Robin Ince's Top 30,000 Films Of All Time

#29,998: The Bellstone Fox

25 April 2003

Being the kind of person who is lucky enough to spend time in the company of top film critics such as Alexander Walker, Derek Malcom and Paul Ross (who has asked me to remind you that his desire to 'work for food' has not gone down since he gained fame as the host of Endurance on some cable channel or other. So if you've got a quiz show, a drama or maybe a televisual guide to kettles that requires a whore, Paul may have some time between producing Lorraine Kelly's Strangest Soap Coincidences and appearing on It Shouldn't Happen to a TV Cocksucker - the Crossroads year), I have had the opportunity to ask their advice, and they have all said one thing: picking your 29,998th favourite film is the hardest decision ever in film criticism and whoever says it is easy is surely Nick Fisher.

So how did I choose that most difficult of positions in my comprehensive catalogue of the greatest films? Well, I cursed myself, but I decided that Michael Winner could never be any less than 29,950 (you know, with that Chris Rea film about the assassin that Felicity Kendall and Oliver Reed were in, Christ, when I went to see that at the Plaza there were other people in the cinema I thought I must have walked into the wrong screen, then moving on up via the one about the lady vigilante till we get to Hannibal Brooks, the best elephant movie ever apart from Dumbo) and Steven Seagal has done too much work for Eskimo charities to be so far down. So I decided instead to pick on the first film I ever saw: The Belstone Fox.

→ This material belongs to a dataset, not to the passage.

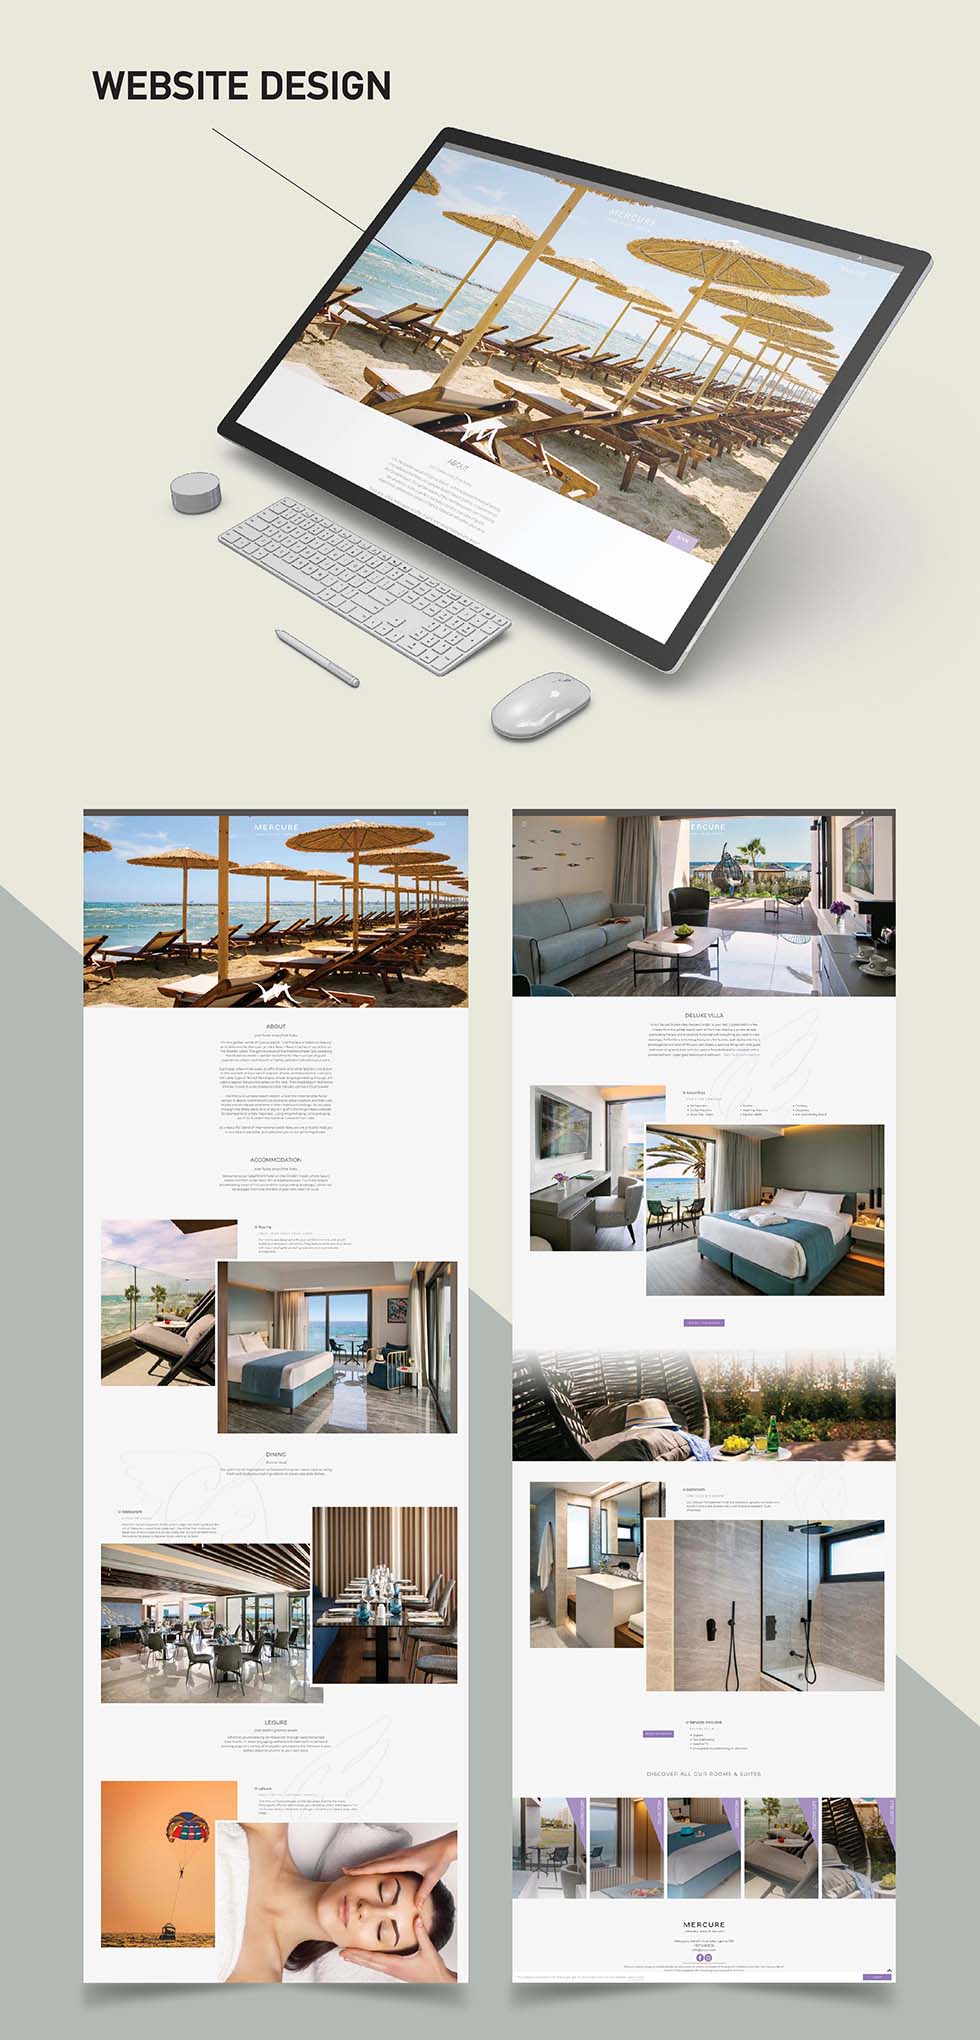 Mercure Hotel - Online Presence image

I was three at the time and very well behaved and so I was taken to the Gerrards Cross cinema. I sat, I watched and I never fell asleep. I remember the basics, it was about a man with some hounds that liked eating foxes (possibly in Wales), but the huntsman (played by Eric Porter who you remember best from Hands of a Ripper - you know the one where Jack the ripper's child goes crazy apeshit, he's the one that pulls the big sabre from his innards with a door handle) found a fox cub, possibly the offspring of a fox he killed (don't remember that bit either) and brings it up, and the hounds and the fox get on so well. This is a bit like Fox and a Hound, the Disney movie, but it's not exactly like it because if I said that I would get sued by the corporation as they are known for being litigious (like gypsies can be).

Anyway, my dad said it was based on a true story, but this was the same time that he said that all food that was blue was poisonous and all of the queen's guardsmen had pigeon toes (both lies I think). There are lots of shots of hounds and foxes and eventually Eric Porter (who was in the original version of The Forsythe Saga) loses most of his hounds when a fox leaps over some railway track and the hounds that followed are crushed by a train (steam possibly). Boy oh boy, Eric is furious, and eventually tries to kill the fox but has a heart attack, and we are left with a fox and a hound looking each other in the eye as the credits roll.

Frankly, I don't know if this film deserves the brilliant 29,998th slot, but it's too late now. I never fell asleep despite being only three, and unlike my young nieces when I took them to Spiceworld the Movie, I didn't keep going on about my 'best bit' afterwards until I nearly shoved their hot chips in their face.